Exercise aim>
Transcribe, word for word, every line from the one containing "三味漫画2.2.0版 超多漫画!" through the final line of the records, and omit the pictures.

┄┄┄┄┄┄

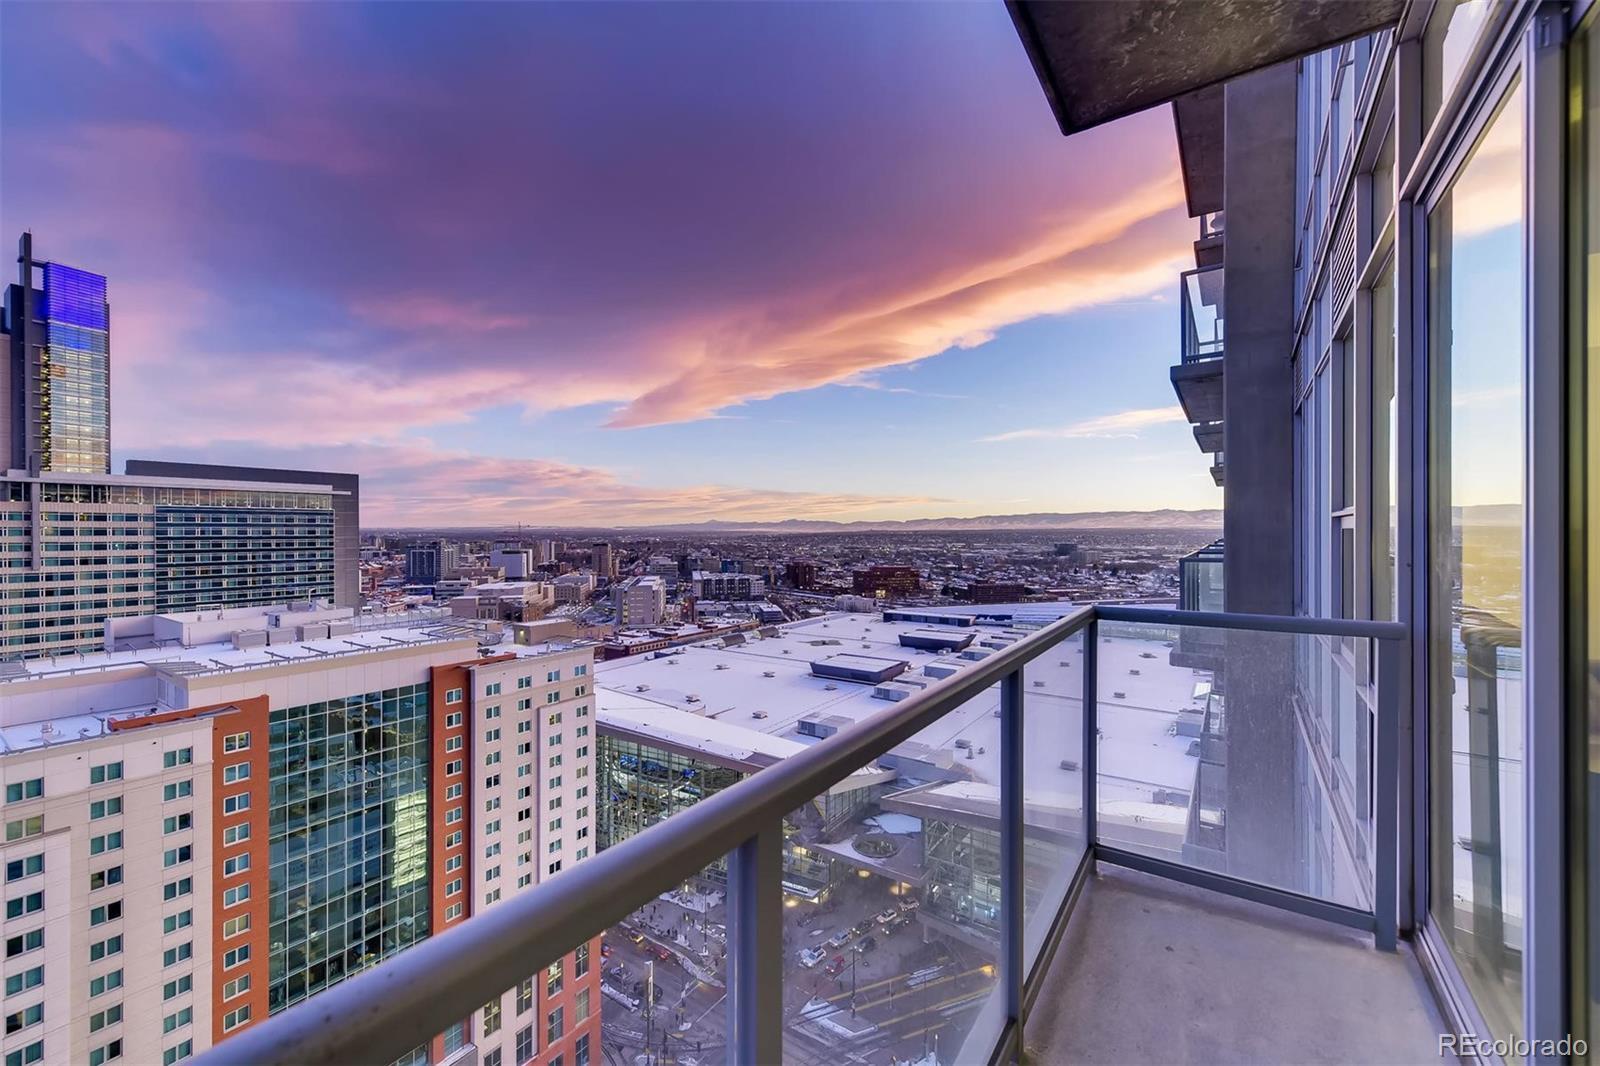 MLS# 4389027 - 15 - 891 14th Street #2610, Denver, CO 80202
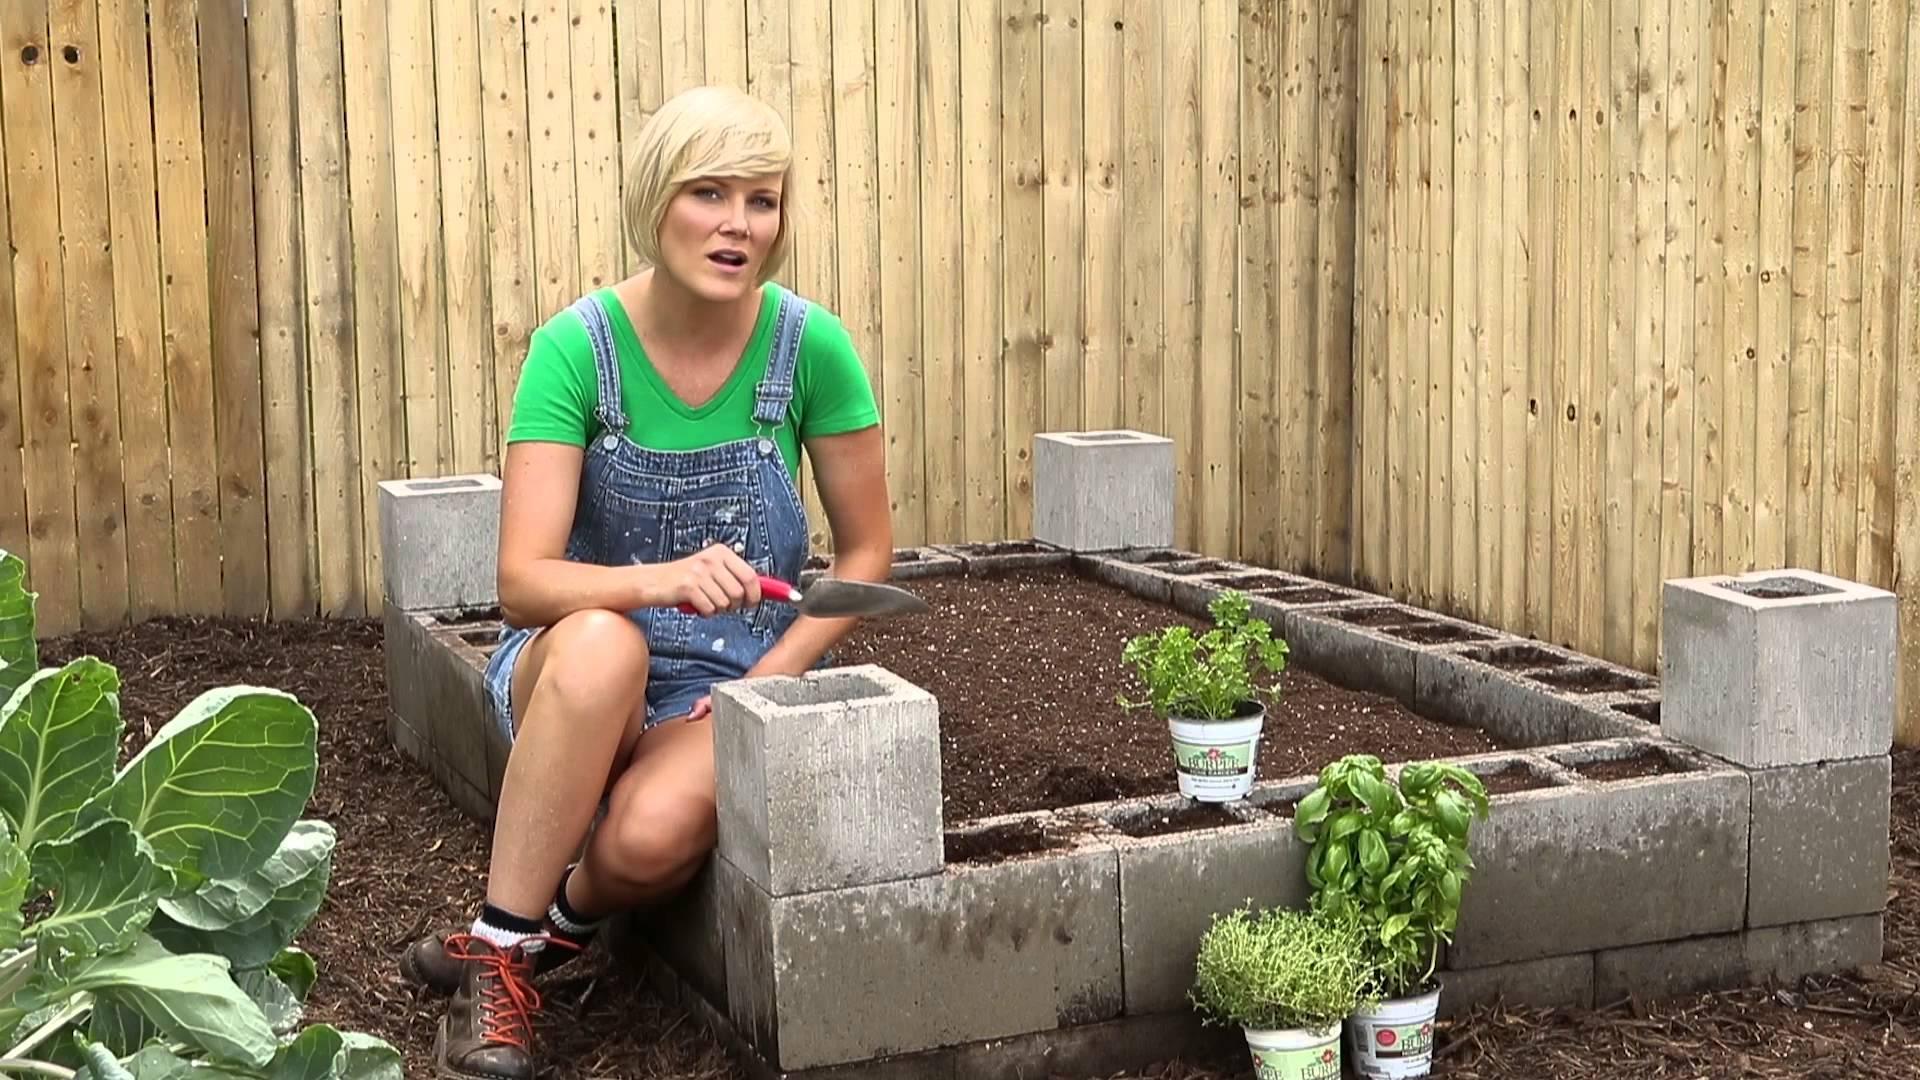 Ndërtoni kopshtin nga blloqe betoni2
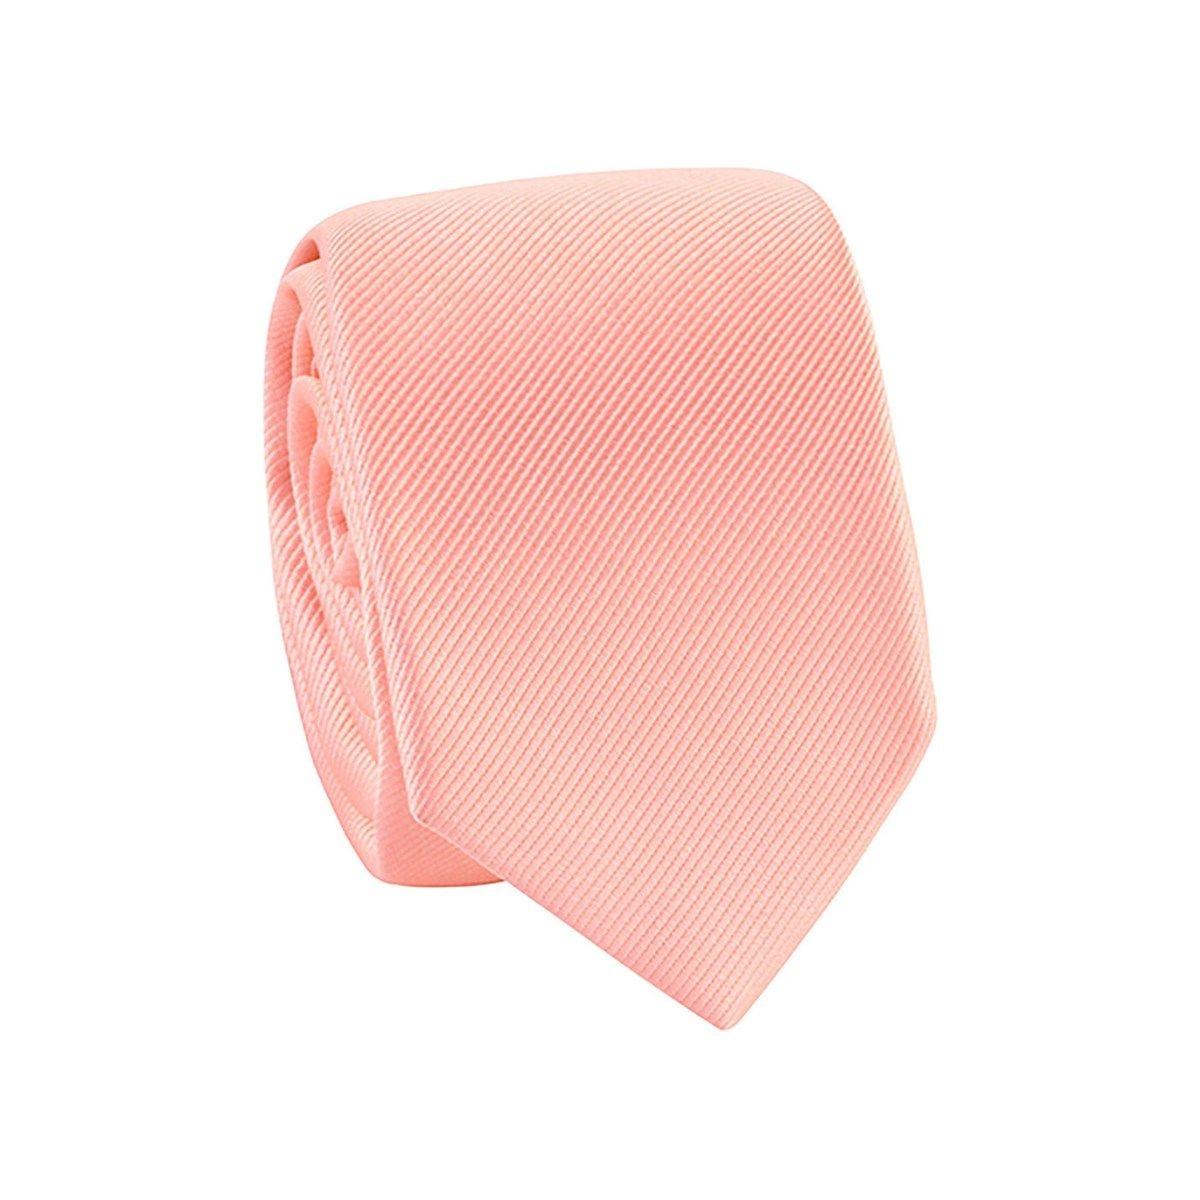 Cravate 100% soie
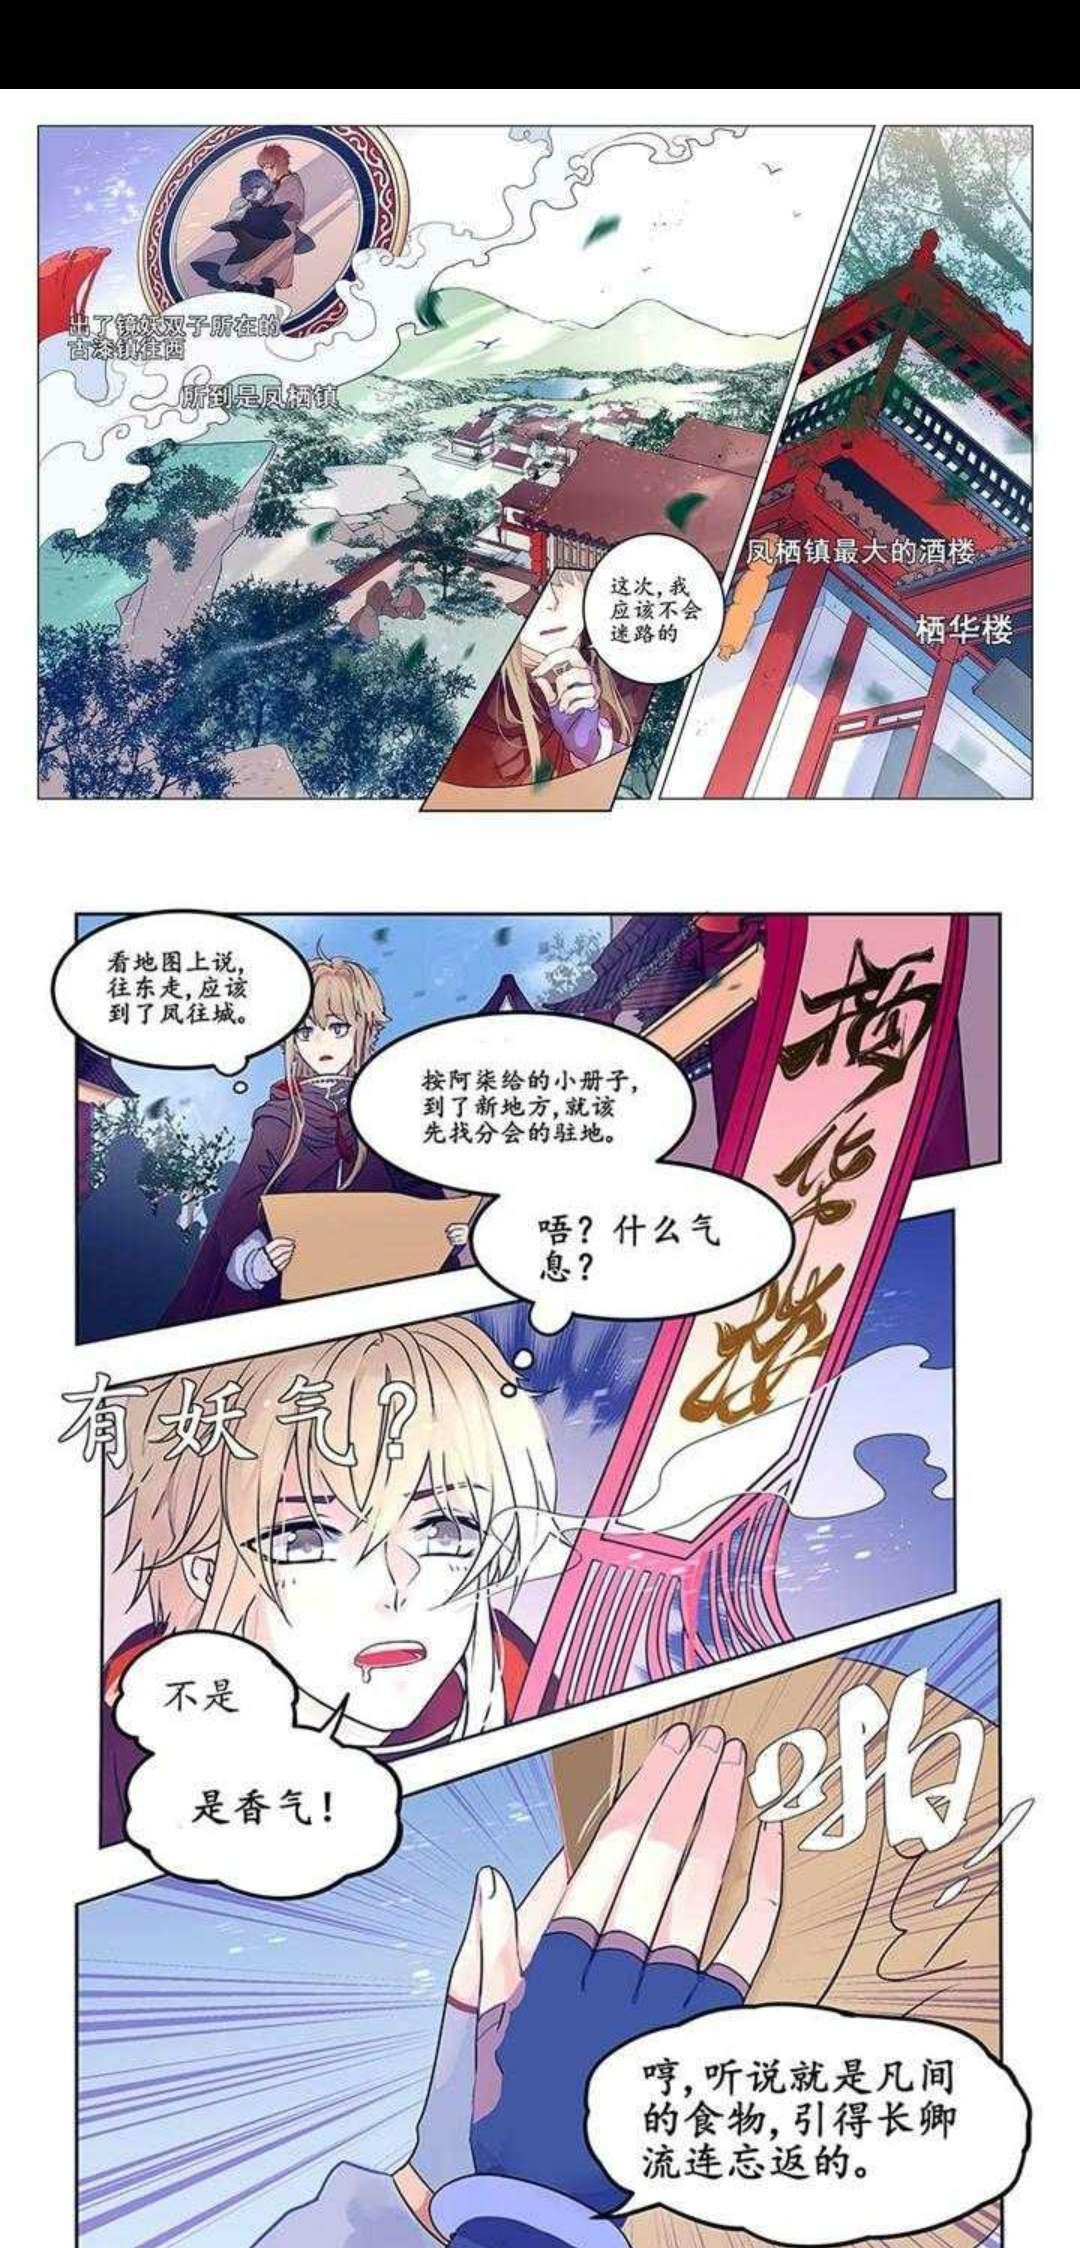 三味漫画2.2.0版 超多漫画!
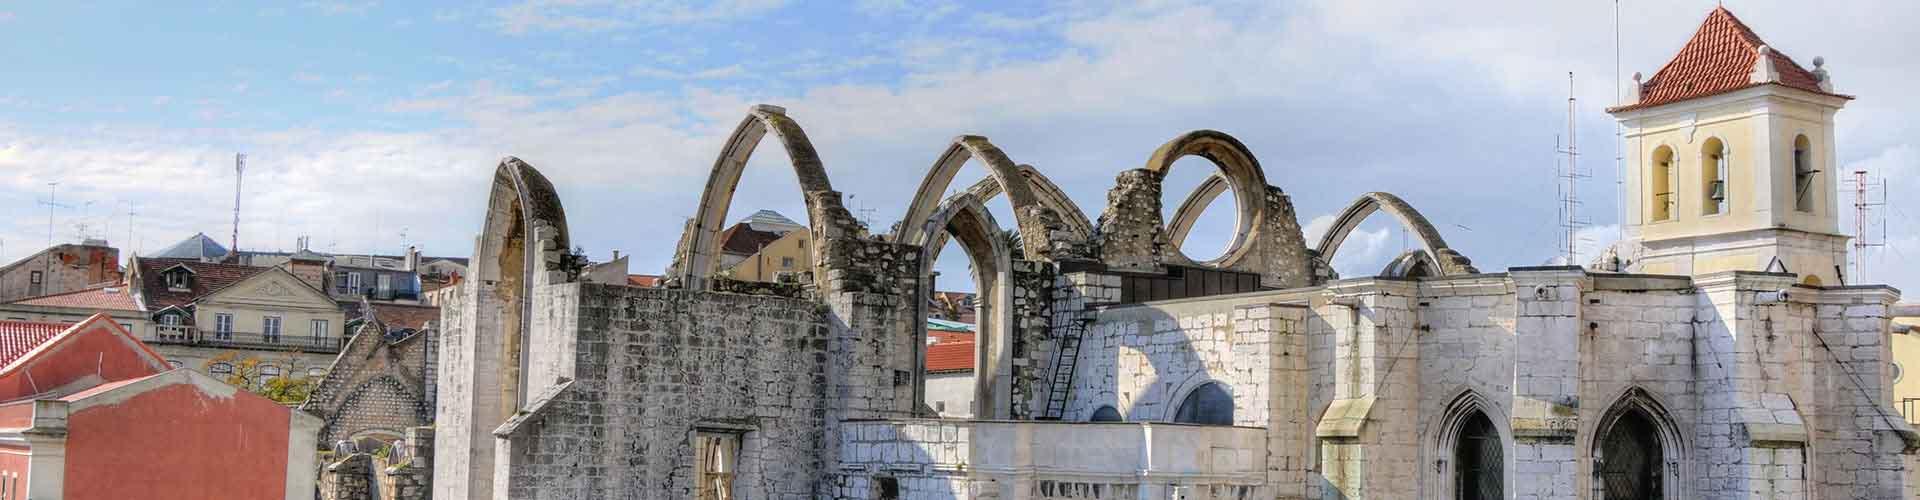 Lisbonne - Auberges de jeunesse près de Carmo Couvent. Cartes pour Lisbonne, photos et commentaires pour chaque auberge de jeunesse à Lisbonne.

┄┄┄┄┄┄

Output of the exercise>
 三味漫画2.2.0版 超多漫画!
 Lisbonne - Auberges de jeunesse près de Carmo Couvent. Cartes pour Lisbonne, photos et commentaires pour chaque auberge de jeunesse à Lisbonne.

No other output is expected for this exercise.